Keynote Talks
CANDAR Keynote
Keynote1
- Chair: Victor Parque (Hiroshima University)
- Speaker: Yusheng Ji (NII)
- Title: Network Resource Management with Distributed Intelligence
- Abstract: To meet the heterogeneous service demands of future applications, ranging from holographic communications, massive digital-twins, to large scale Internet of Things, next generation mobile networks (6G) will require unprecedented management agility, stringent quality-of-service guarantees, and real-time adaptability. To cope with the increasing control complexity and physical constraints of wide-area deployments, 6G networks will evolve to be AI-native by design, integrating machine-learning (ML) capabilities through layers of the architecture. In this talk we focus on how distributed intelligence can deliver efficient network-resource management at scale. We highlight some use cases for harnessing distributed intelligence to unlock edge devices’ potential, demonstrating tangible gains in throughput, energy efficiency, and reduced control overhead across large-scale systems.
Keynote2
- Chair: Michihiro Koibuchi (National Institute of Informatics)
- Speaker: Yoshifumi Ujibashi (Fujitsu Limited)
- Title: AI computing broker: An AI Processing Optimization Middleware
- Abstract: The explosive growth in demand for generative AI has created unprecedented requirements for GPUs on which AI processing is executed.However, the consequent surge in data center power consumption and increased hardware costs pose an urgent challenge to sustainability and operational efficiency. To address this global societal issue, we have developed “AI Computing Broker,” a middleware technology designed to automatically optimize computations for AI workloads running on GPU servers. This technology features the “Adaptive GPU Allocator” that dynamically allocates GPU resources in real-time to AI processes with high GPU utilization. Unlike conventional job-level allocation, our technology optimizes GPU allocation by dynamically assigning resources based on our processing-level allocation technique. This allows us to maximize the utilization of GPU computational resources, significantly enhancing GPU operational efficiency. This talk introduces technical details of AI Computing Broker, its practical implications, and its use cases for AI infrastructure and AI services.
Keynote3
- Chair: Jacir L. Bordim (University of Brasilia)
- Speaker: Koji Nakano (Hiroshima University)

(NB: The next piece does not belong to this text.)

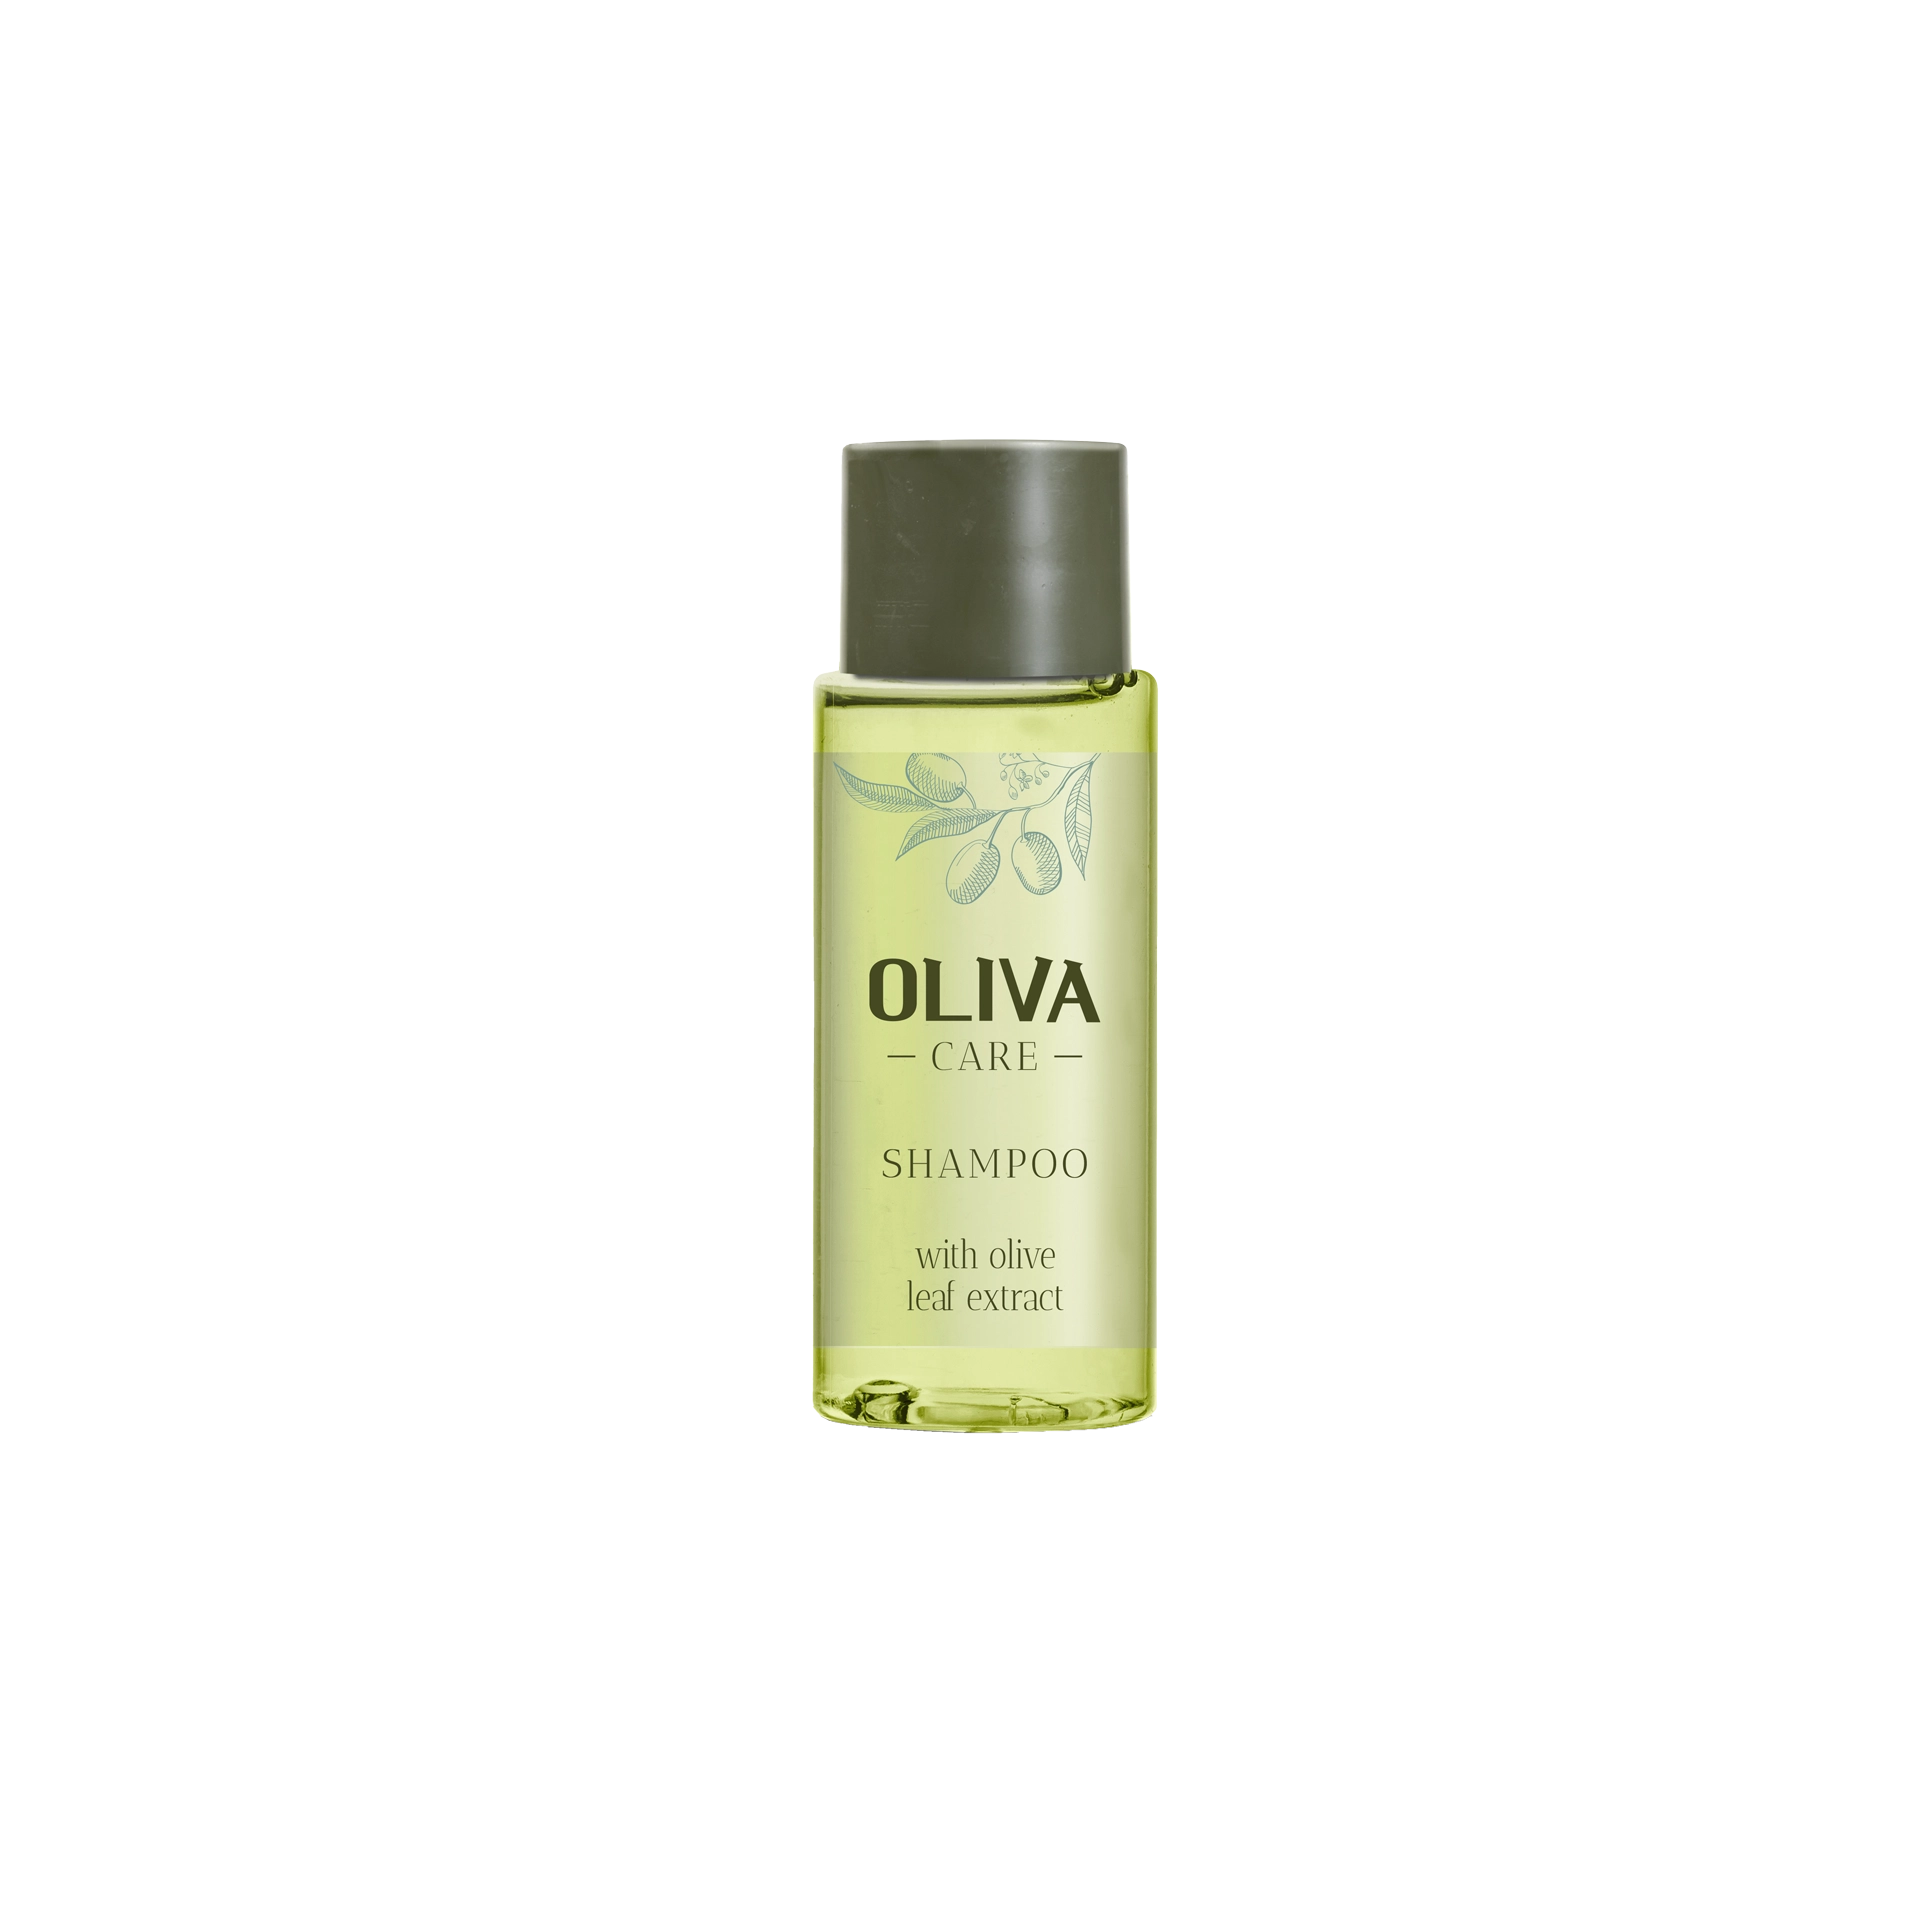 Shampoo | Oliva Care mit Olivenblattextrakt Flacon | 30 ml

- Title: QUBO++: A Native-HUBO, High-Performance C++ Library with a Multi-GPU Solver
- Abstract: QUBO++ is a high-performance C++ library for higher-order unconstrained binary optimization (HUBO) that integrates symbolic preprocessing of HUBO expressions with three bundled solvers, including a multi-GPU acceleration engine. Unlike most toolchains that convert HUBO to QUBO via auxiliary variables—causing model blow-up, excessive memory use, and runtime overhead—QUBO++ handles HUBO natively, preserving sparsity and structure to achieve faster model construction and more efficient search on modern GPUs. Its C++-embedded domain-specific language (DSL) allows users to describe HUBO models naturally as algebraic expressions, while the compiled implementation minimizes orchestration overhead and achieves near-hardware throughput on large instances. This keynote will introduce the framework’s design and solver architecture, and present performance comparisons with representative Python-based tools. We conclude with a brief case study: deploying QUBO++ for production scheduling in a heat-treatment factory, where the system automated a task that previously required about two hours of manual operator work, generating an optimal schedule in about one minute.